Looking at the places which currently use G_is_little_endian():

	lib/ogsf/gsd_img.c
	lib/ogsf/gsd_img_ppm.c
	lib/ogsf/gsd_img_tif.c
	raster/r.in.mat/main.c
	raster/r.out.bin/main.c
	raster/r.out.mat/main.c

The first three indicate a design flaw in gsd_getimage(), namely that
it's assuming that "unsigned long" is 4 bytes. That's the root of the
recently-reported "NVIZ image dump crashes on 64-bit systems" bug.

The solution there is to simply treat the buffer as an arrays of
unsigned char; there's no need to serialise words or to know the
system's byte order.

r.in.mat and r.out.mat are littered with "sizeof(long) == 4"
assumptions.

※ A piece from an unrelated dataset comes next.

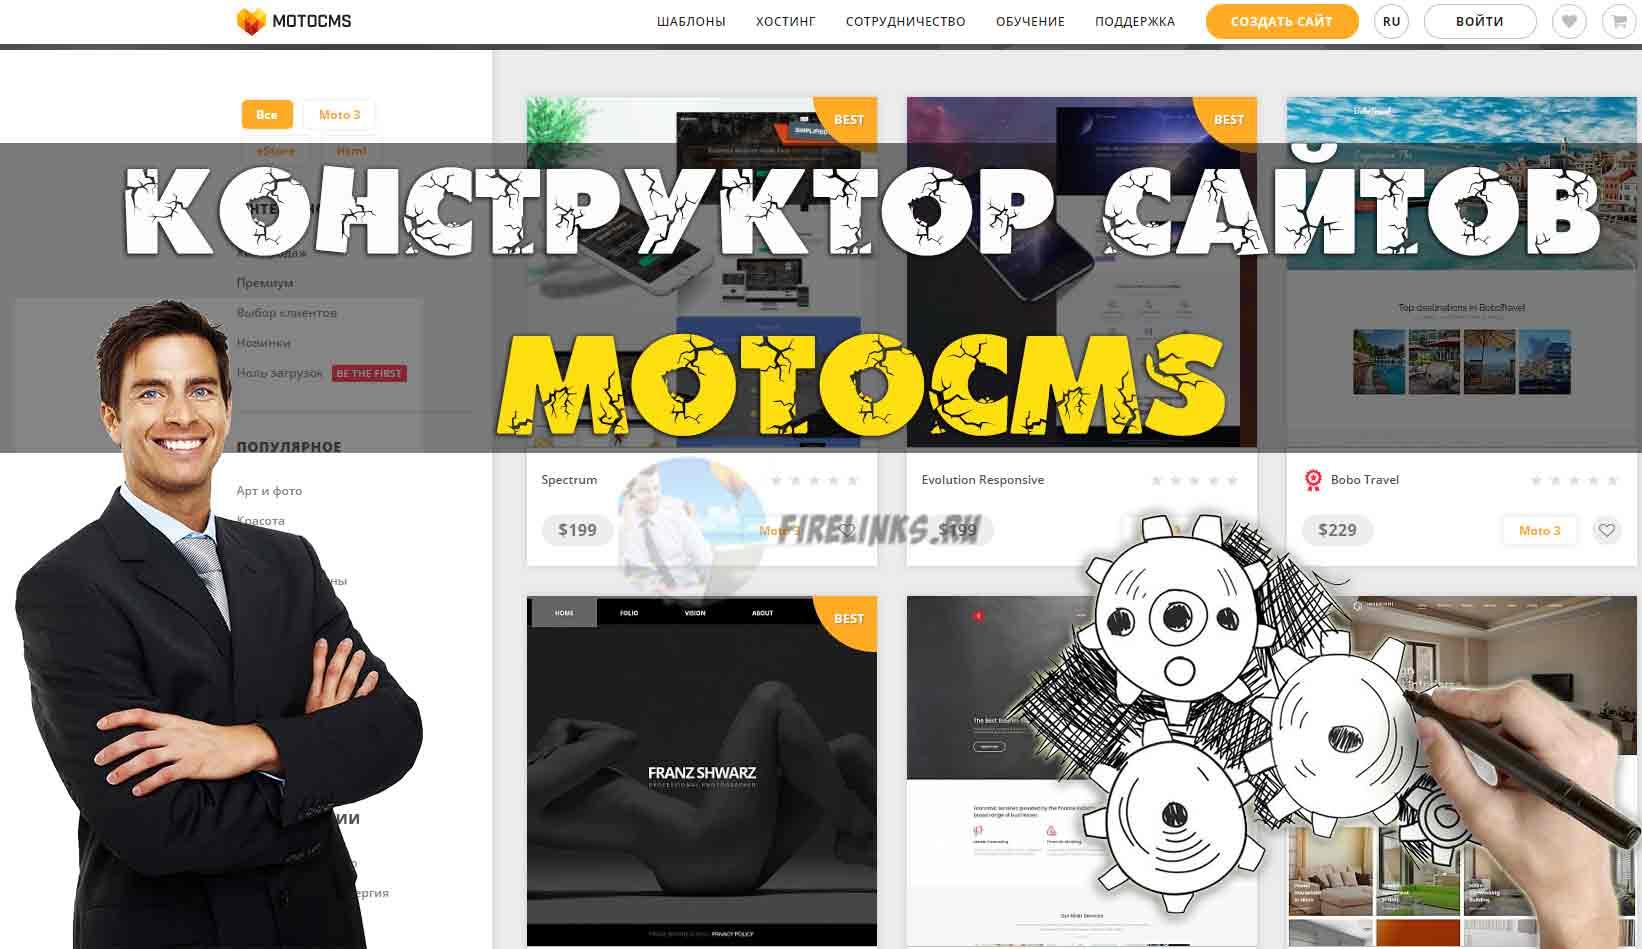 Создать сайт для малого бизнеса – обзор возможностей конструктора сайтов MotoCMS

Also, AFAICT, r.out.mat always writes the output in the
system's byte-order, and r.in.mat just assumes that the file is in the
system's byte-order (it checks, but doesn't do anything in the event
of a mismatch).

Both of those programs need to be substantially re-written.

Finally, the only reason that r.out.bin needs to know the endianness
is due to the brain-damaged -s flag. Rather than allowing the user to
specify directly whether the file is written in big- or little-endian
order, the user has a choice of "the same order as this system" (no -s
flag) or "the opposite order to this system" (-s flag given).

In practical terms, this means that the user has to figure out the
system's byte order in order to determine whether or not to use the -s
flag.

If you change the semantics of that flag so that the absence of the -s
switch means little-endian while the presence of the flag means
big-endian, r.out.bin doesn't need to know the host's byte order, and
a given r.out.bin command achieves the same result (file in big-endian
format or file in little-endian format) regardless of the system's
byte order.

As for backwards compatibility, making the default byte order (no -s
flag) little-endian means that anyone using x86 (i.e. most users) will
be unaffected.

IOW, I've yet to come across a situation which actually has a
legitimate reason to know the system's byte order.

BTW, when it comes to floating-point values, the situation isn't as
simple as big- or little-endian. On some systems, FP values may use a
different byte order to integers, or double-precision FP values may
have the 32-bit halves in a different order than the order of bytes
within a word.

-- 
Glynn Clements <glynn at gclements.plus.com>